* **About this exercise**: The required output is an exact restatement of the lines, starting with the one that contains "Window Deflectors Vinguru" and finishing with the last line of the listing. It contains no pictures.

* **Data segment**:

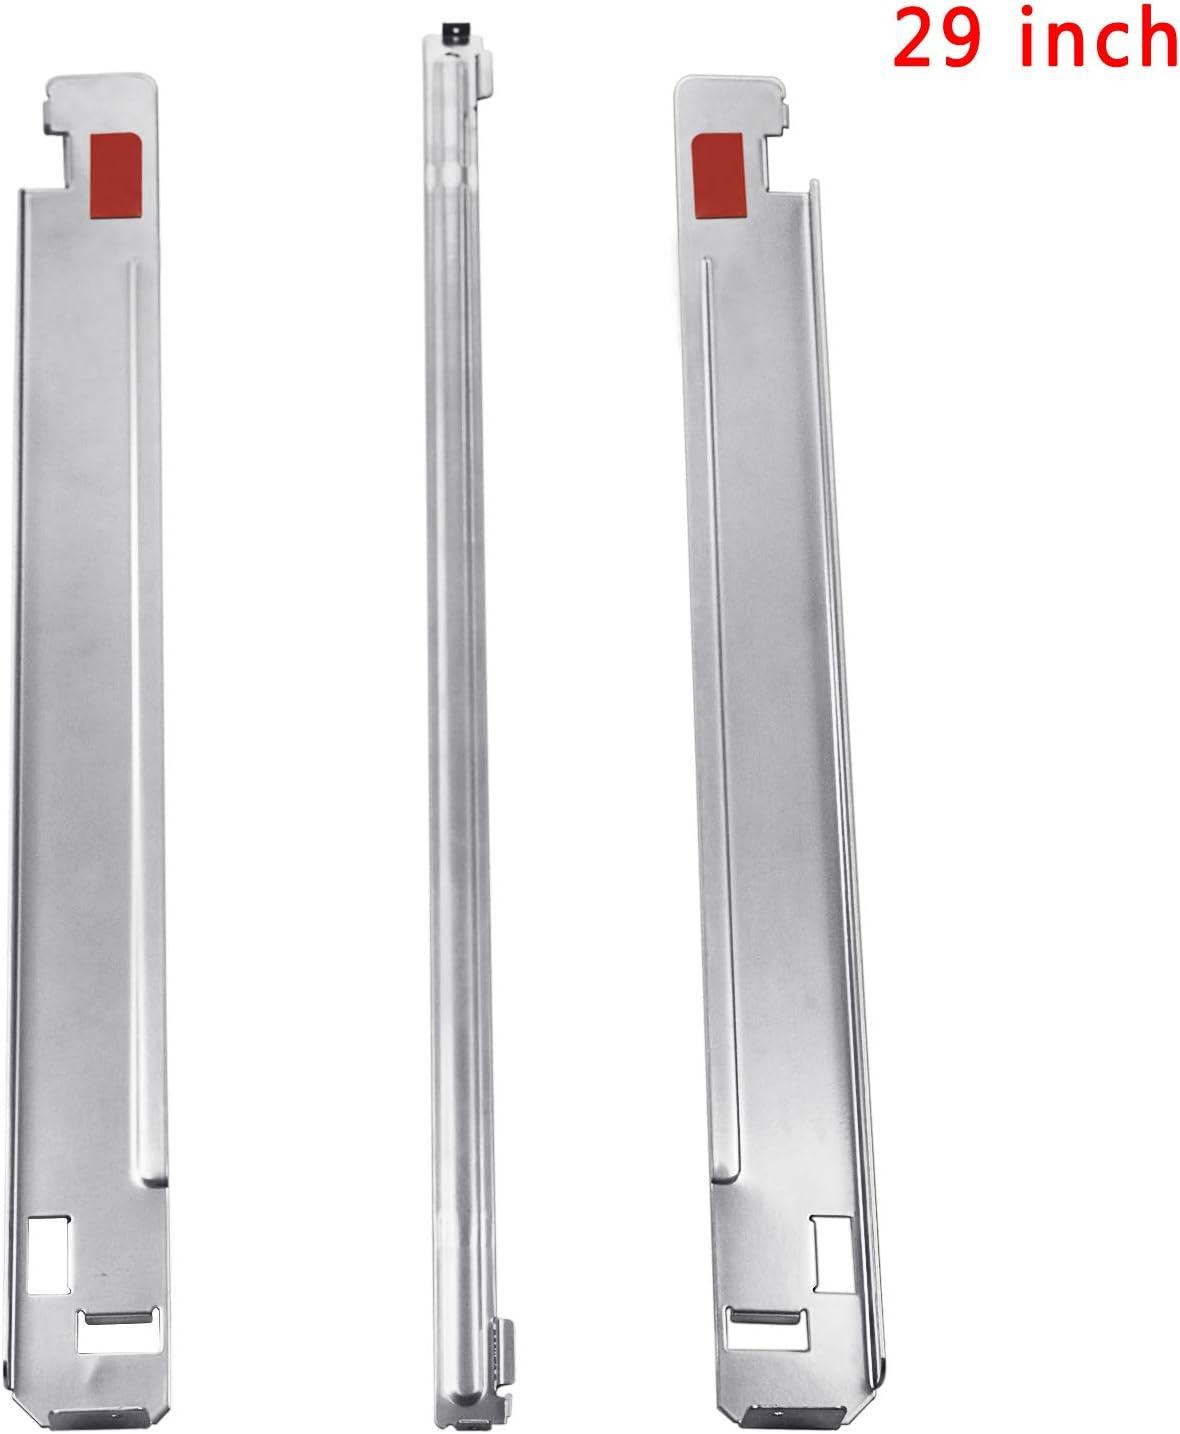 Bentolin Kit de apilamiento de lavandería LG KSTK2 de 29 pulgadas ...
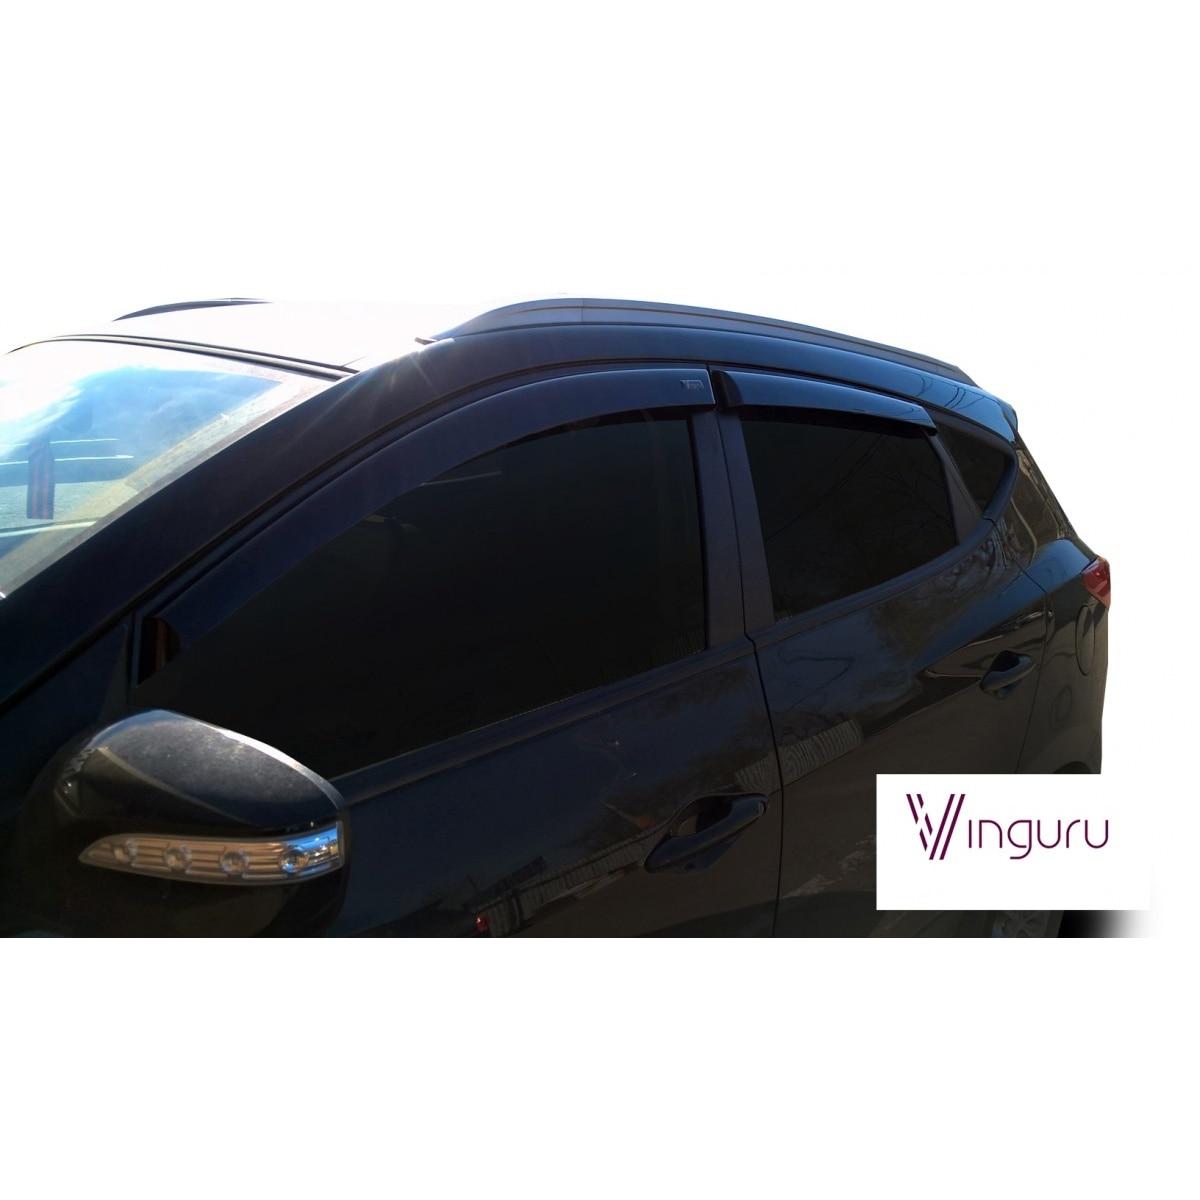 Window Deflectors Vinguru Hyundai Ix35 2010-overhead Scotch-T 4 PCs
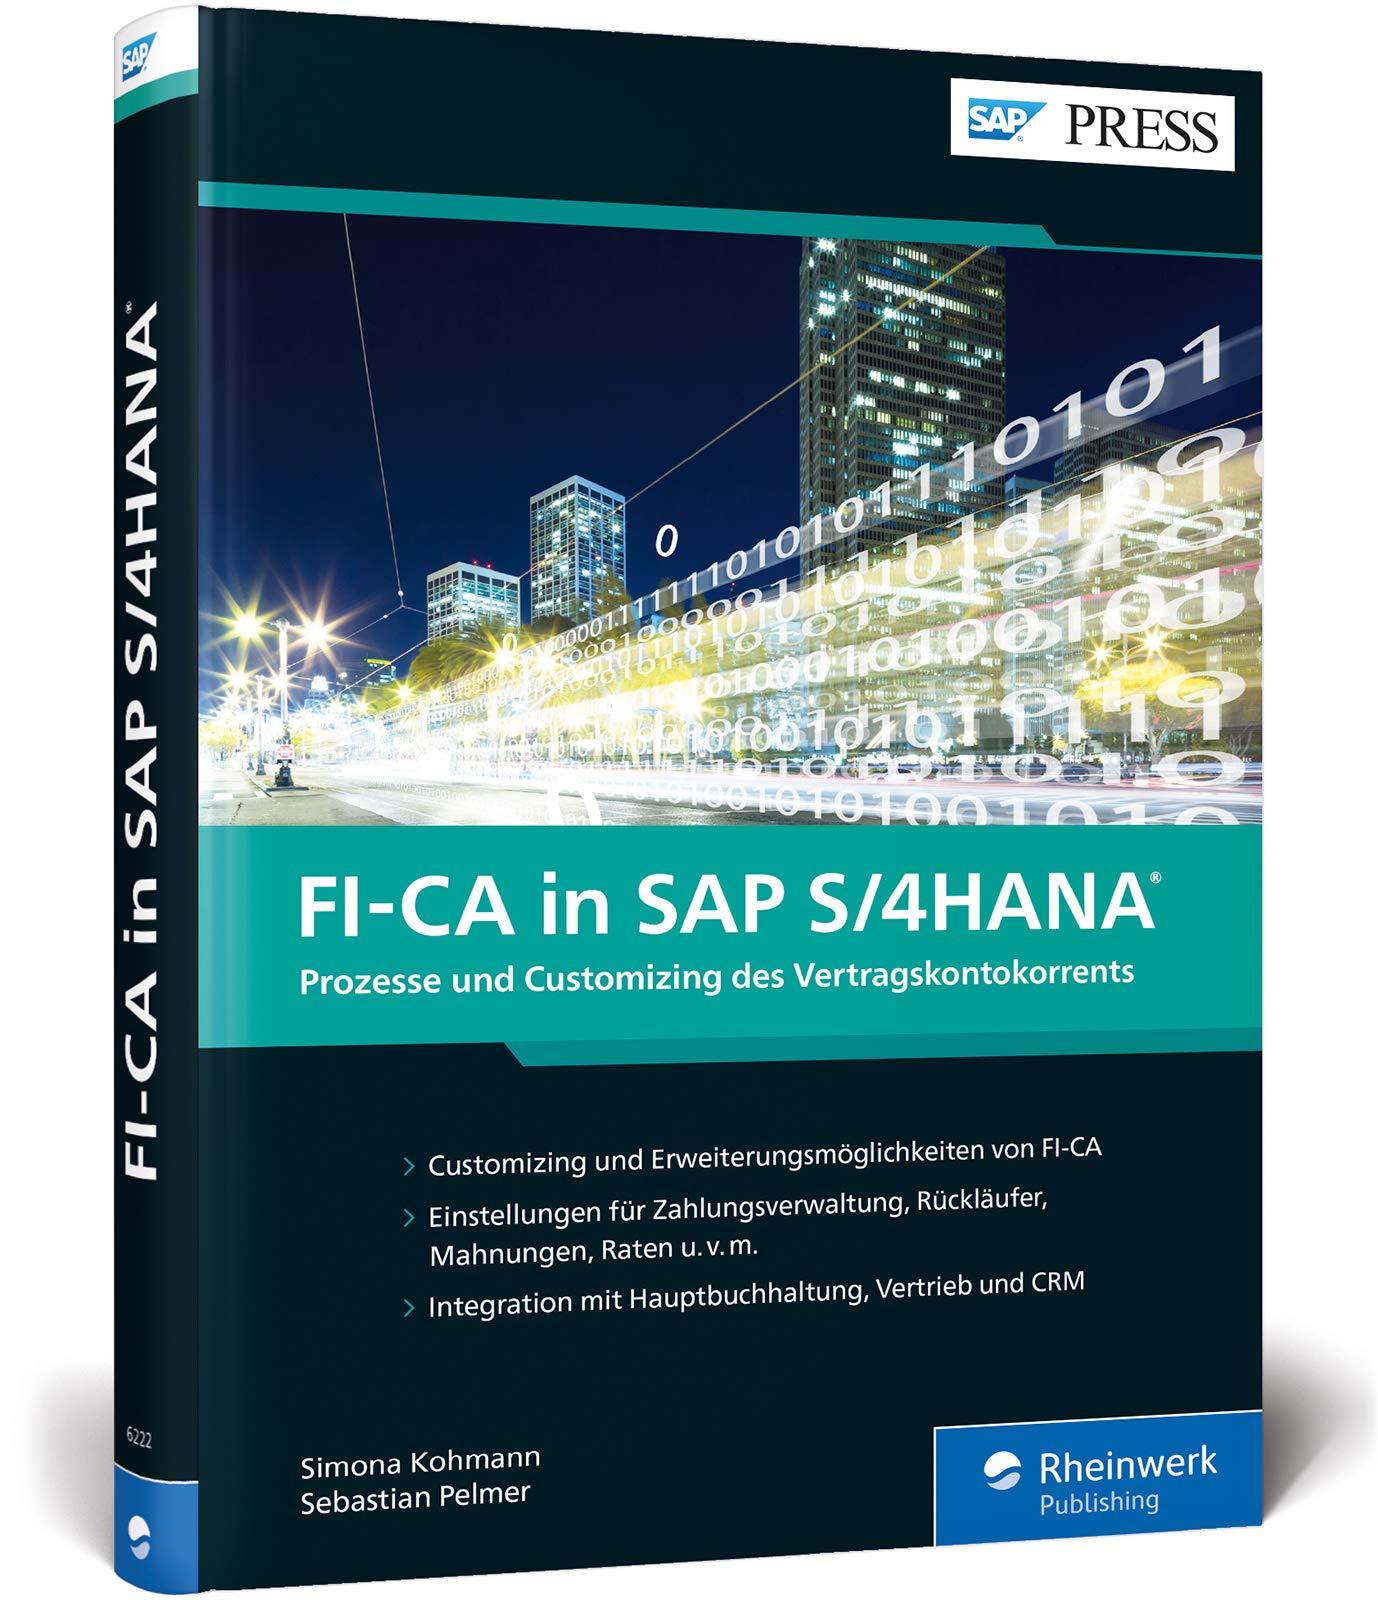 FI CA In SAP S 4HANA  Ihr Detaillierter Leitfaden Für Die Umsetzung Der Debitorenbuchhaltung Mit FI CA  SAP PRESS

* **Response below**:
 Window Deflectors Vinguru Hyundai Ix35 2010-overhead Scotch-T 4 PCs
 FI CA In SAP S 4HANA  Ihr Detaillierter Leitfaden Für Die Umsetzung Der Debitorenbuchhaltung Mit FI CA  SAP PRESS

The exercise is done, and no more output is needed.